The entire Philadelphia region awoke to some sobering news on Wednesday morning. You know what I'm talking about. It doesn't look like Kamu Grugier-Hill's hamstring is getting much better.
Same goes for Allen Barbre and Terrence Brooks and, while Doug Pederson didn't mention him, cornerback Leodis McKelvin said the hamstring injury which kept him out of three games this season is limiting his ability to run at full speed.
"It's going to be an issue the rest of this year unless it magically disappears," McKelvin said Wednesday. "It's a struggle, but it's something I have to deal with if I want to keep going out to play."
Dealing with it successfully this week would be a good idea.
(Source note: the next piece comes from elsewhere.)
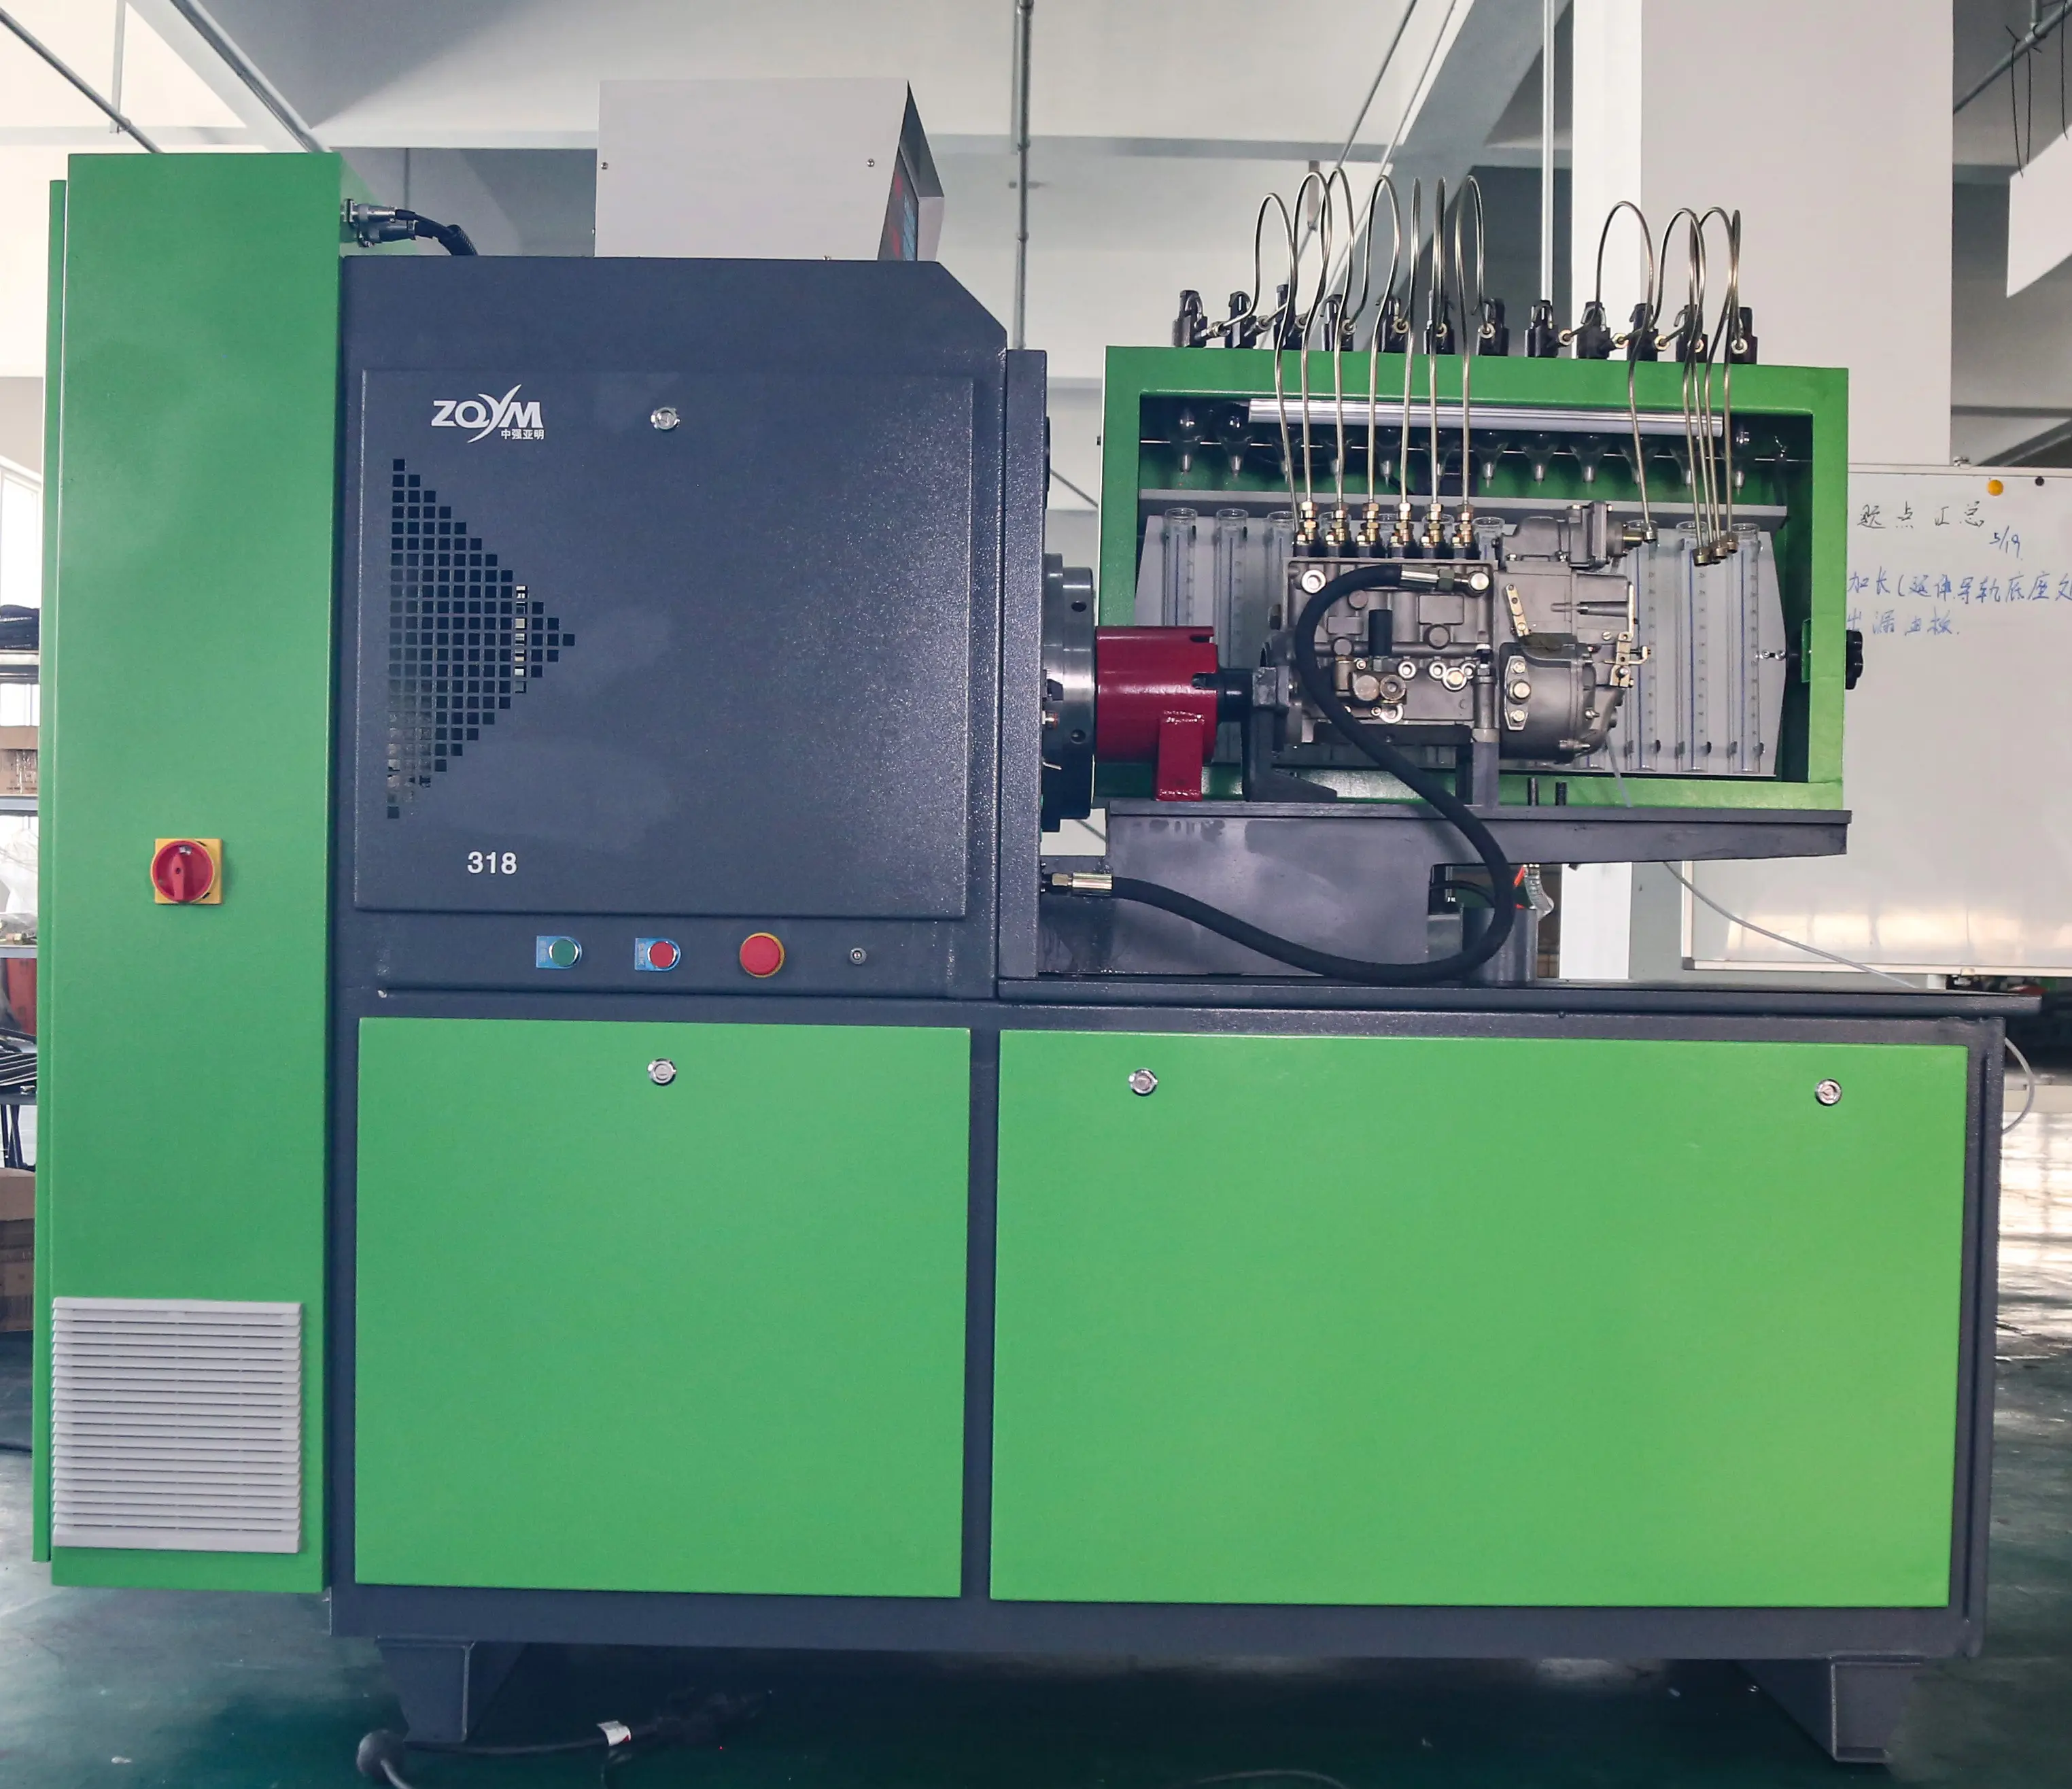 ZQYM dizel yakıt mekanik pompa dizel test cihazı yakıt enjeksiyon pompası inceleme ekipmanı test tezgahı

If he thought Eli Manning was picking on him - and he was - that's nothing compared to what Matt Ryan will try to do this coming Sunday. The Eagles could keep McKelvin away from receiver Julio Jones' side of the field, if defensive coordinator Jim Schwartz is looking to hide him a little, but that didn't happen when Odell Beckham was on the field. Anyway, hide or don't hide, the ball will find you.
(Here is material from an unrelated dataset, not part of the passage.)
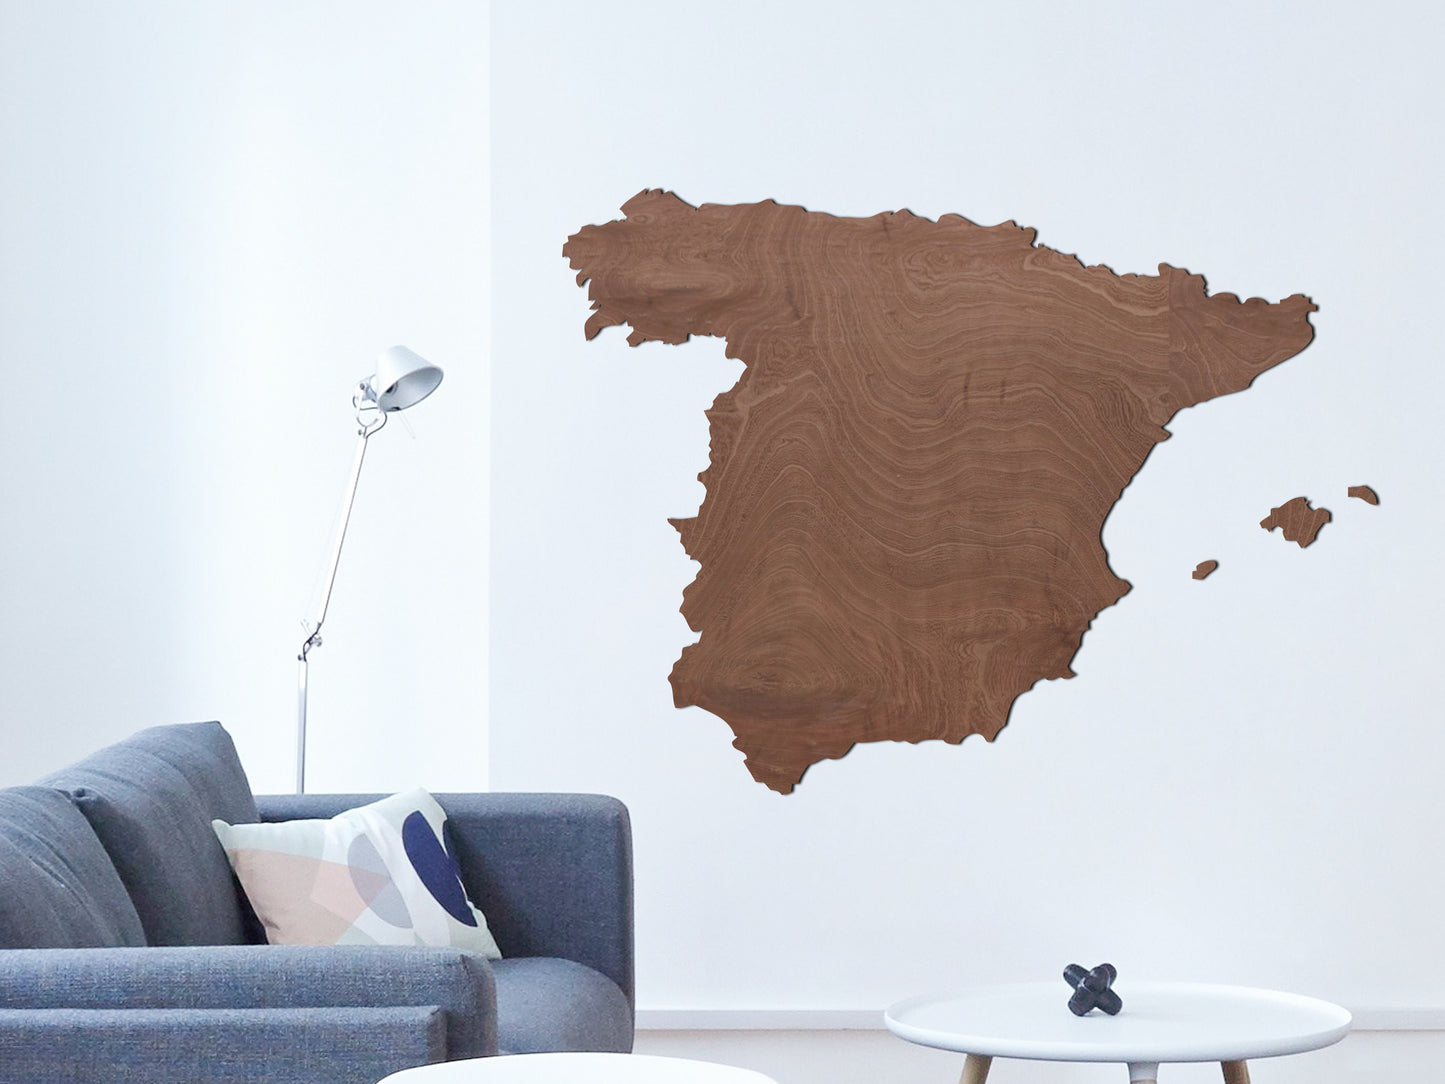 Houten landkaart - Spanje

A year ago, when the Eagles were also struggling with a spate of soft tissue injuries, everyone made fun of Chip Kelly's conditioning program and sports science fetish and sleep monitors and protein shakes. There wasn't any real relation between the two, but it was an entertaining diversion from watching DeMarco Murray burrow into the ground. This season, with a coach who colors inside the lines when it comes to running an NFL team, doing nothing very out of the ordinary, maybe they are just having bad luck.
It is very bad luck that the Eagles, who aren't overly talented to begin with, are hurting at two of the areas where they can least afford it: the defensive backfield and the offensive line. Looking for cause and effect in the recent downturn during which they have lost four of five, two constants have been the team's inability to run the ball, which makes the offense too predictable, and the defense's trouble with pass coverage, which has more direct implications.
The rest of the attendant noise concerning the team - Pederson's in-game decisions, Carson Wentz's growing pains, Dorial Green-Beckham's allergic fear of the football, Josh Huff's dramatic re-creation of Washington crossing the Delaware - all certainly has some bearing on the situation, but if you can't block and you can't cover, you can't win.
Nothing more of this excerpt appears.